13 de enero de 2011

El patio de la noche

La oscuridad ha dejado de ser para los niños ese territorio encantando otrora poblado de murmullos. Con qué facilidad mi hijo, por ejemplo, va de su cuarto a la cocina, tanteando la negrura compacta de la noche sin otra lumbre que la de sus pequeños pasos. Hoy la oscuridad no es lo que en otras épocas fue para muchas generaciones: miedo, trauma, secreto.

Quizá una de las causas de esta alteración metafísica de la oscuridad recaiga en la ausencia del patio casero, hoy cuando la mayoría de nuestros niños están confinados al blindaje del apartamento en unidades cerradas. El patio prácticamente ha desaparecido del nuevo mapa físico de las ciudades, lo cual trajo el destierro del imaginario que ese espacio privilegiado para el juego y el solaz siempre encarnó. Tiendo a exagerar pero estoy en la verdad si digo que hoy en los patios modernos apenas sí caben un asadorcito, un perrito y, con suerte, dos sillitas y una mesita de plástico.

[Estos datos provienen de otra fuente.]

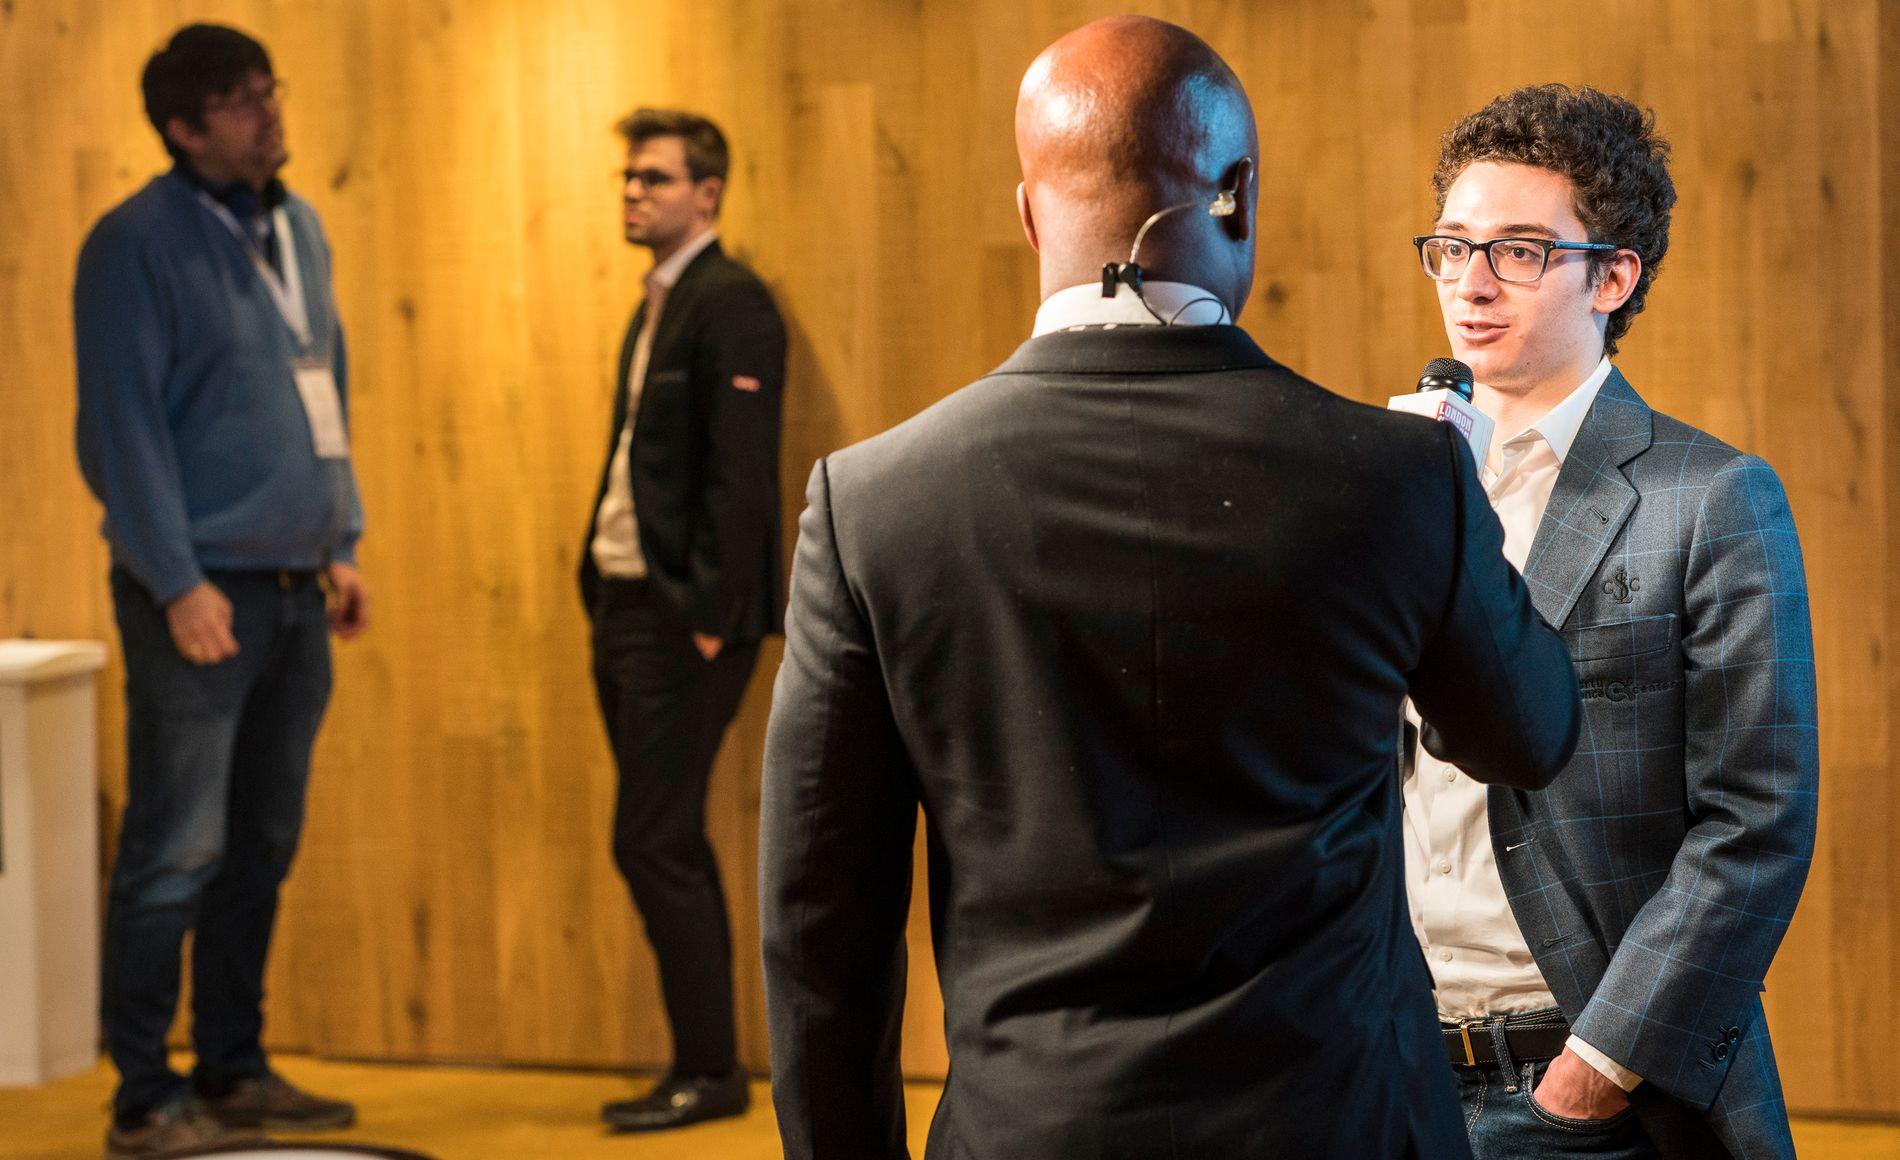 RIVALER: Fabiano Caruana (t.h.) intervjuet i forbindelse med møtet med Magnus Carlsen (bak) i St. Louis i høst. Til venstre Carlsens trener Peter Heine Nielsen. Med ryggen til Maurice Ashley.

Recuerdo bien que en la casa donde viví mi infancia, el patio era tan grande como la sala y tal vez más: en él había una ducha al aire libre, muchas plantas, un lavadero enorme y una legión de cachivaches que incluía desde una pesada carreta de hierro, docenas de tejas y ladrillos, hasta varias cajas de madera con botellas de gaseosa vacías, así como una bicicleta en la que yo simulaba ser Centella. De noche era casi una faena heroica ir al patio, sobre todo porque en mi imaginario infantil cabalgaba la idea de que todo ese montón de utensilios inútiles cobraba vida, se movía de un lado a otro, asustaba como esos fantasmas que mi mamá invocaba en nuestras charlas cada vez que había un corte de energía: que El viruñas, que El monje sin cabeza, que La patasola y La llorona...

Durante esas jornadas, mis hermanas y yo escuchábamos a nuestra madre con un silencio reverencial, lo que hacía posible que toda esa fauna de espectros merodeara en torno al comedor y las sillas de la sala. Entonces creo que a ella se le ocurría mandar al patio a uno de nosotros, con el pretexto de arrojar la basura al tarro más grande, pero nadie iba. Preferíamos seguir escuchando a tener que enfrentar la ruta del Fantasma que nos separaba de la noche en el patio.

Hoy mi hijo camina silenciosamente por el bosque oscuro de este apartamento, confiado en que más allá de la oscuridad están las paredes y uno que otro runrún del viento, sólo el viento, colado por una de las rendijas de la noche.